The North Rupununi Wetlands are situated in the southern interior of Guyana, South America, and support a high terrestrial and freshwater biodiversity. Biodiversity surveys have identified more than 450 fish species, which in turn supply a food chain to endangered species such as the black caiman (Melanosuchus niger), giant river otter (Pteronura brasiliensis), giant river turtle (Podocnemis expansa), and recovering populations of the largest freshwater fish in the world, the arapaima (Arapaima spp.). These species are not only important for conservation but also supply local people with a range of livelihood activities, including subsistence fishing and ecotourism. There is increasing evidence that the high fish biodiversity of the North Rupununi Wetlands is in part as a result of a hydrological link between the Amazon and Essequibo basins, allowing species from both basins to intermingle in this region. The North Rupununi Wetlands are characterised by low topography and seasonal flooding of this watershed divide, thus allowing the migration of aquatic species, including arapaima and black caiman, which are found in no other watershed of Guyana. However, the precise location of these connectivity and migration corridors have not been studied to date.

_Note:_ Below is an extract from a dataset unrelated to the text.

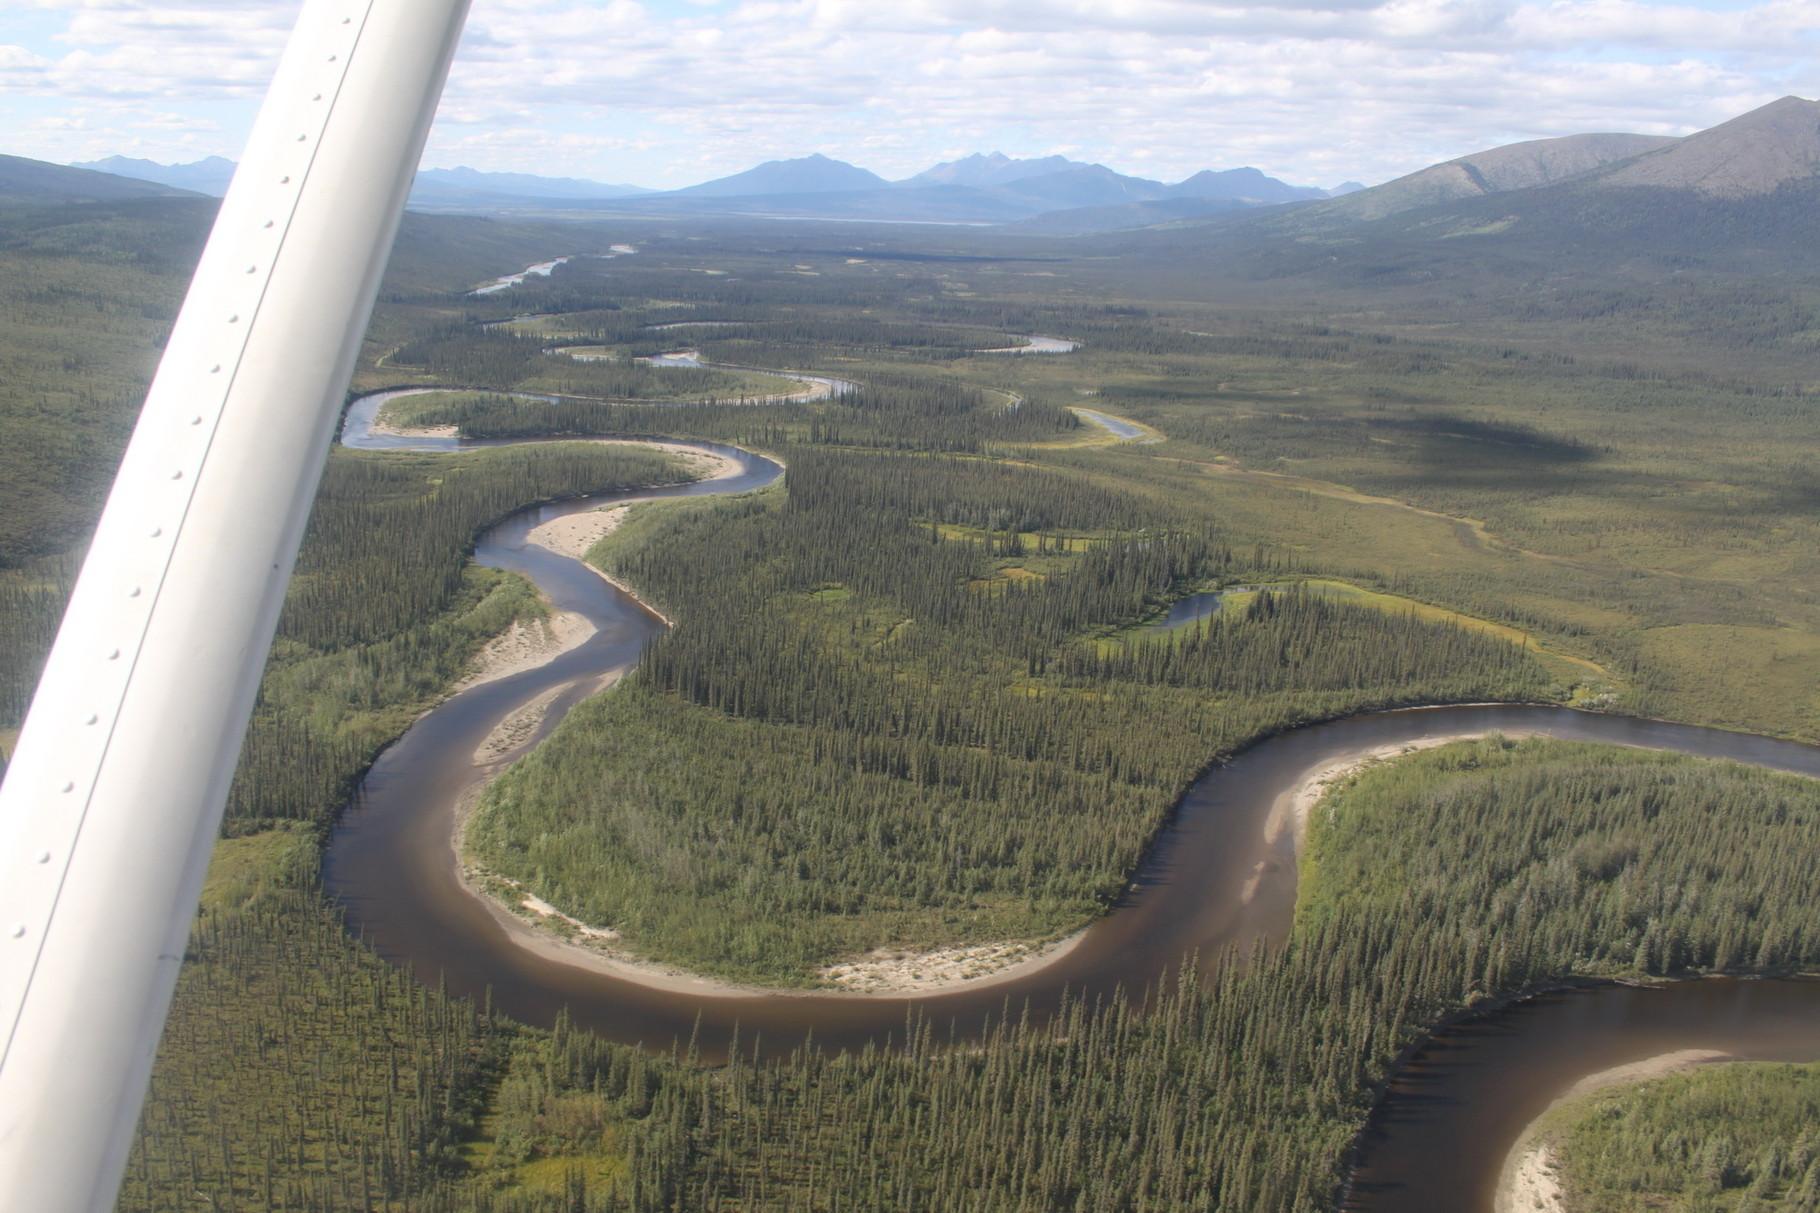 Der Alatna-River vom Flugzeug aus

Guyana is economically poor, and natural-resource exploitation and foreign pressure to convert natural habitats into industrial farms, logging, mining and oil wells, and associate infrastructure, especially access roads, is having an increasing impact on the North Rupununi Wetlands. With this have come pollution, over-harvesting, irresponsible hunting, and unregulated or poorly regulated mining and logging that are resulting in the loss of species in general and habitat connectivity in particular. This has the potential to further deteriorate sustainable traditional livelihoods, already under pressure from globalization and the market economy, forcing many more Indigenous people to migrate to towns and cities in search of often poorly paid work.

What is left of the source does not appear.